◆ **What the task requires**
Using the records that follow, reproduce exactly the lines starting at the line containing "Etude House Glow" and ending at the line containing "Range Rover Evoque". Include both end lines and no pictures.
** Data records follows **
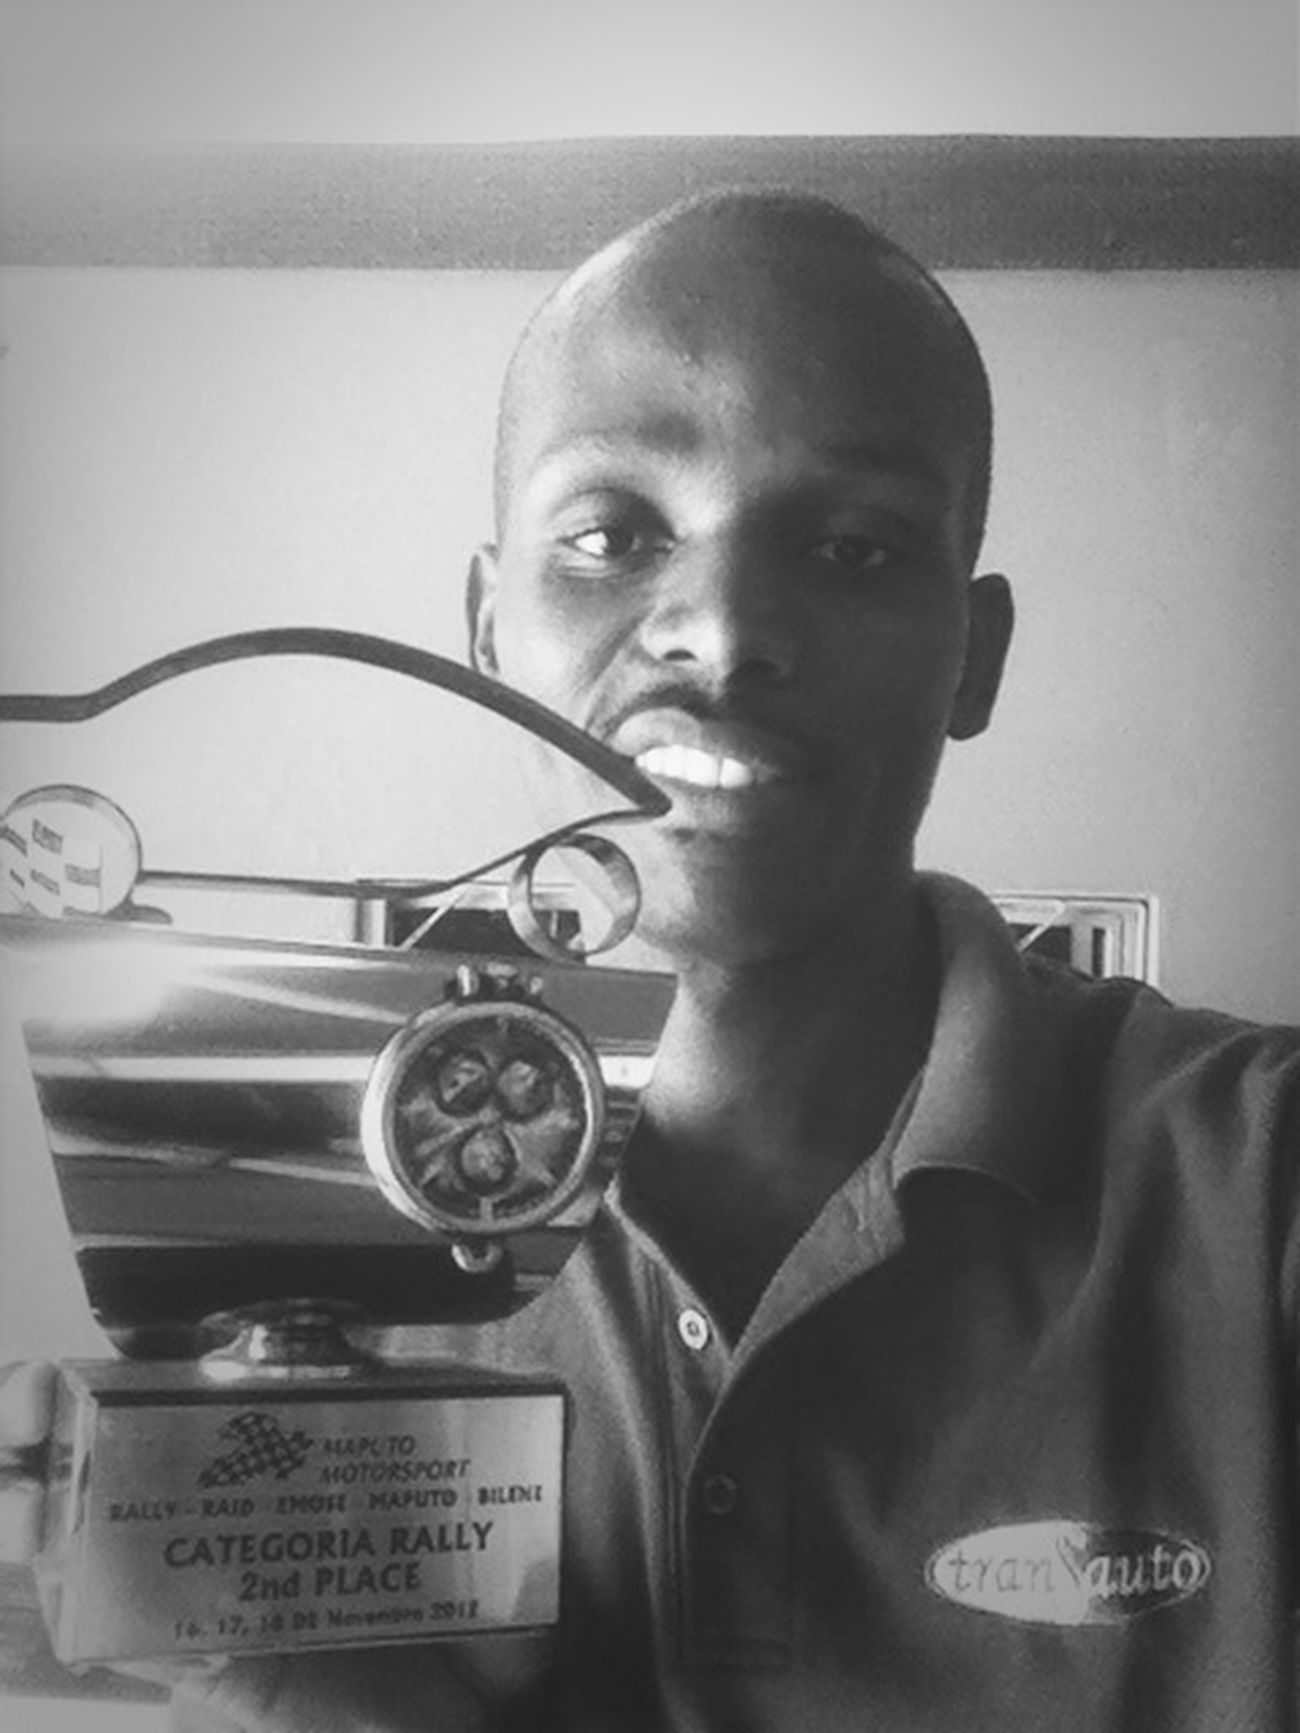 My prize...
** End of Data records **
** Data records follows **
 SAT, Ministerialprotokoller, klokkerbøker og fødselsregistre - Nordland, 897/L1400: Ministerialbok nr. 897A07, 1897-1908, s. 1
** End of Data records **
** Data records follows **
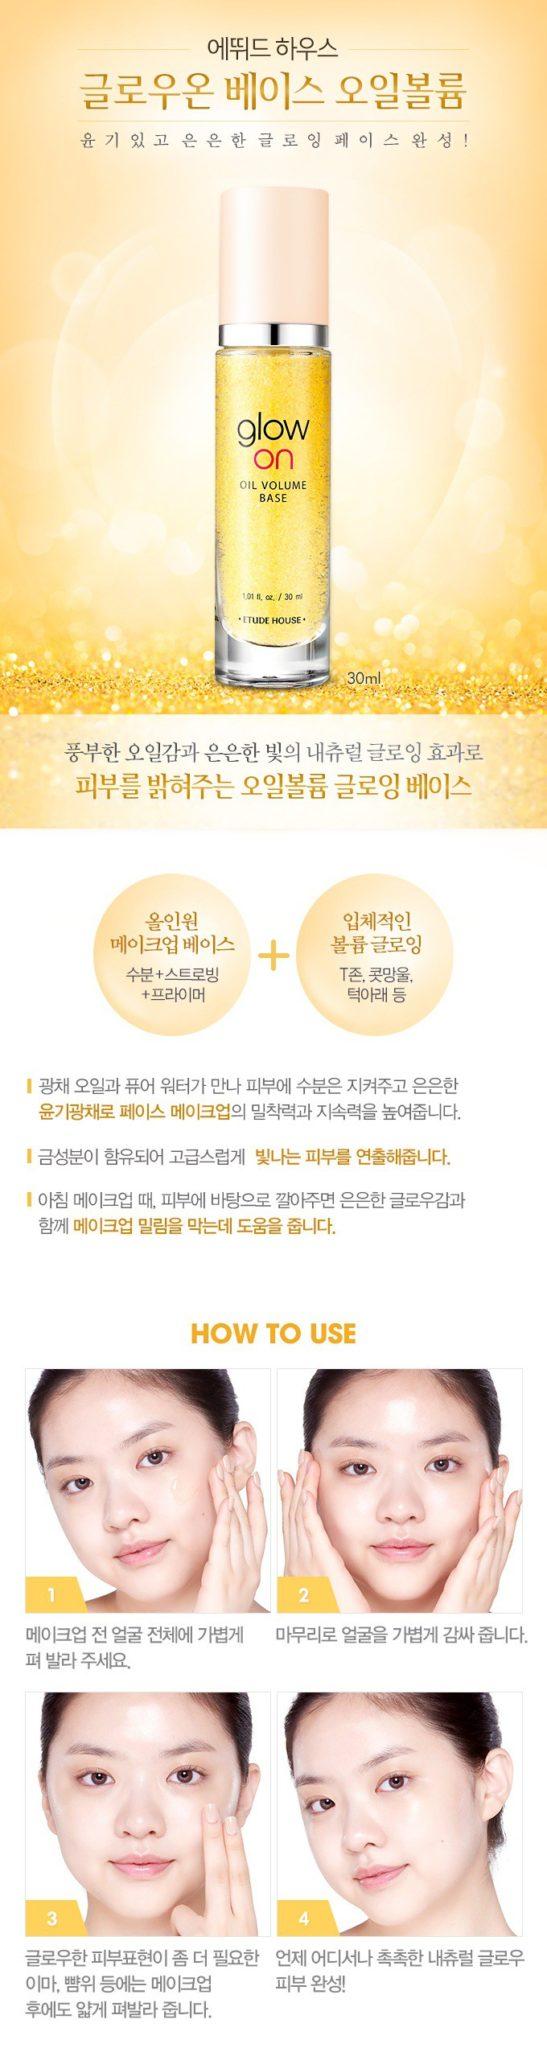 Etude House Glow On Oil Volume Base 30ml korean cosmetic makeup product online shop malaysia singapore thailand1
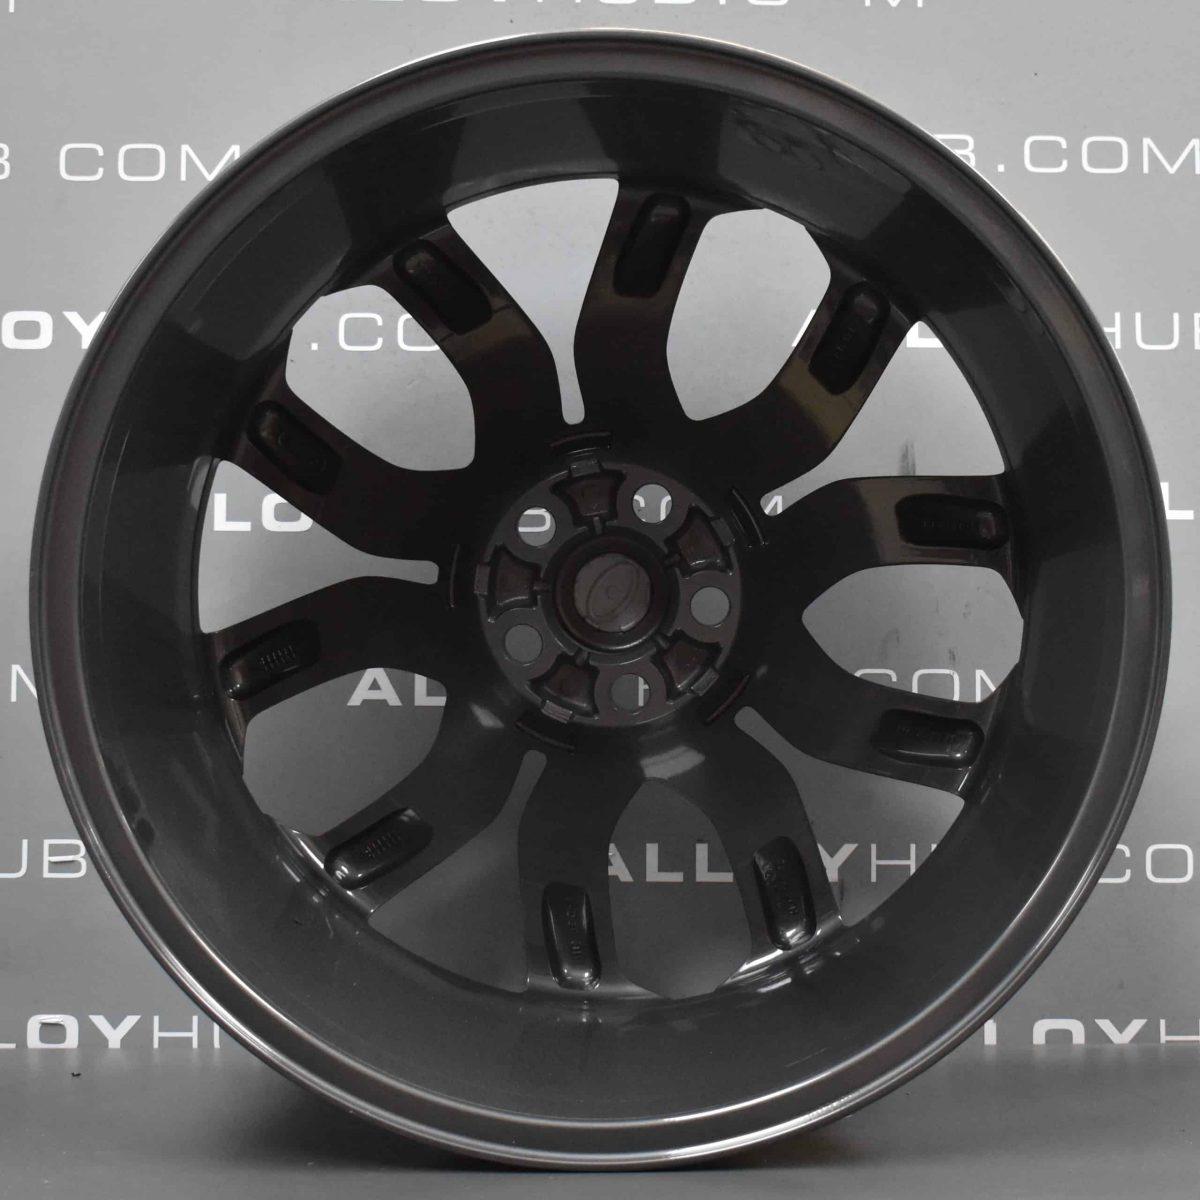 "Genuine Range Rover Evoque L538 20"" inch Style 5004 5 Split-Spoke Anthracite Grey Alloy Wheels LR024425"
** End of Data records **
◆ **Problem solution**
 Etude House Glow On Oil Volume Base 30ml korean cosmetic makeup product online shop malaysia singapore thailand1
 "Genuine Range Rover Evoque L538 20"" inch Style 5004 5 Split-Spoke Anthracite Grey Alloy Wheels LR024425"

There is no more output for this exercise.